- _TASK BRIEF_: Once the line with "Wick and District" is found in the entries below, repeat it and each following line exactly, up to and including the line with "NOUVELLE-CALEDONIE 1990 TIMBRE". Add no other lines.

- _LISTED RECORDS_:

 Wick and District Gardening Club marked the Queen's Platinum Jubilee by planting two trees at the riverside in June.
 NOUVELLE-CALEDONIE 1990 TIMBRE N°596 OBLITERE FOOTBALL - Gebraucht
--
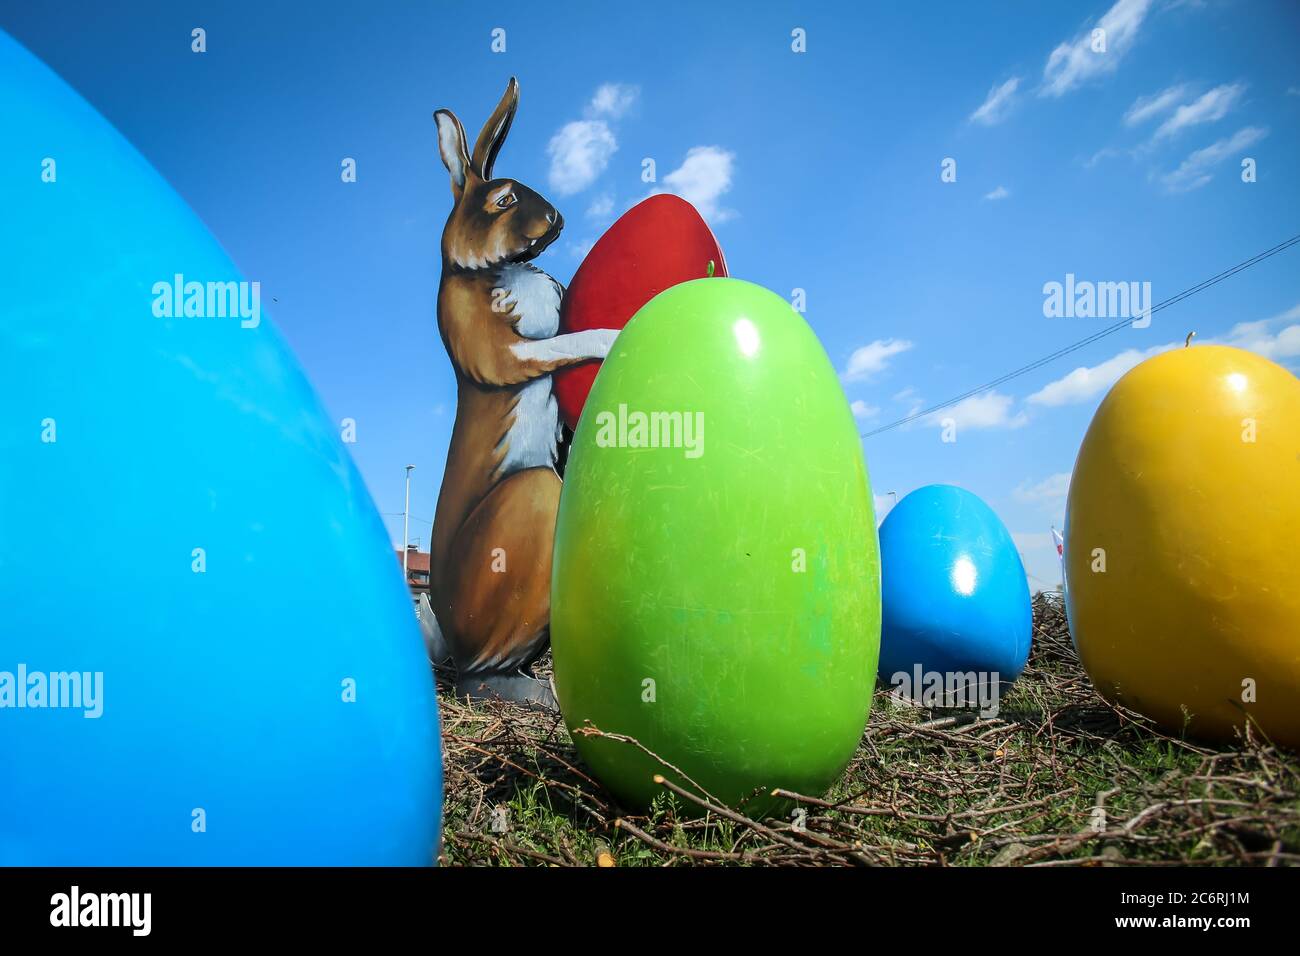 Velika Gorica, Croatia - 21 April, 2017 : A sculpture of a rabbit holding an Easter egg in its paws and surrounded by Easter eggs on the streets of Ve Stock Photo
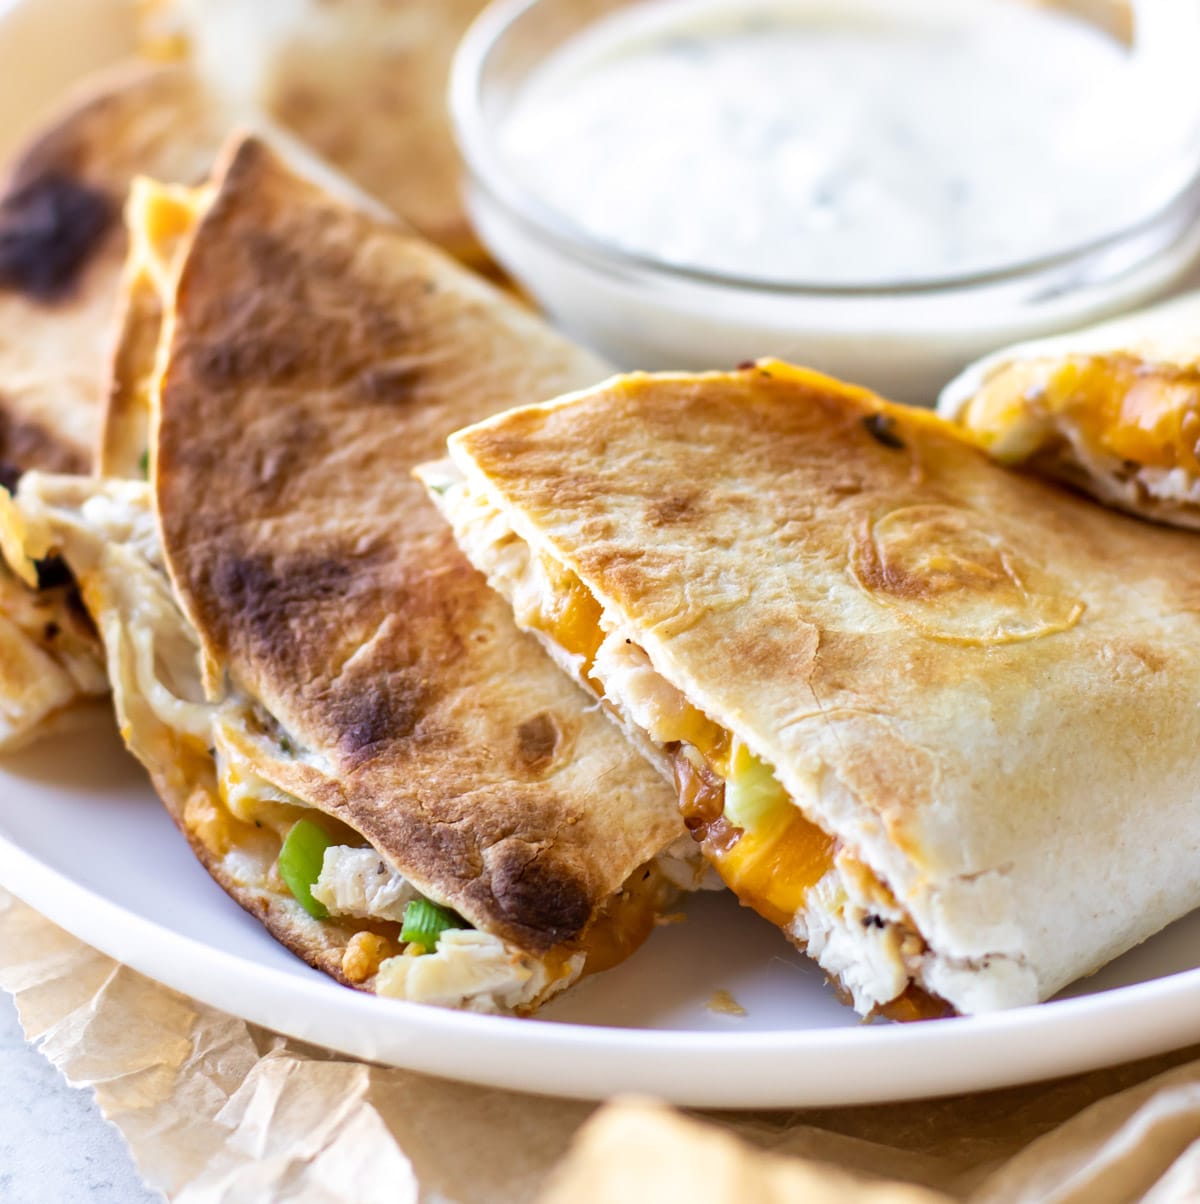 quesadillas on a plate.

- _ANSWER TO THIS PROBLEM_:
 Wick and District Gardening Club marked the Queen's Platinum Jubilee by planting two trees at the riverside in June.
 NOUVELLE-CALEDONIE 1990 TIMBRE N°596 OBLITERE FOOTBALL - Gebraucht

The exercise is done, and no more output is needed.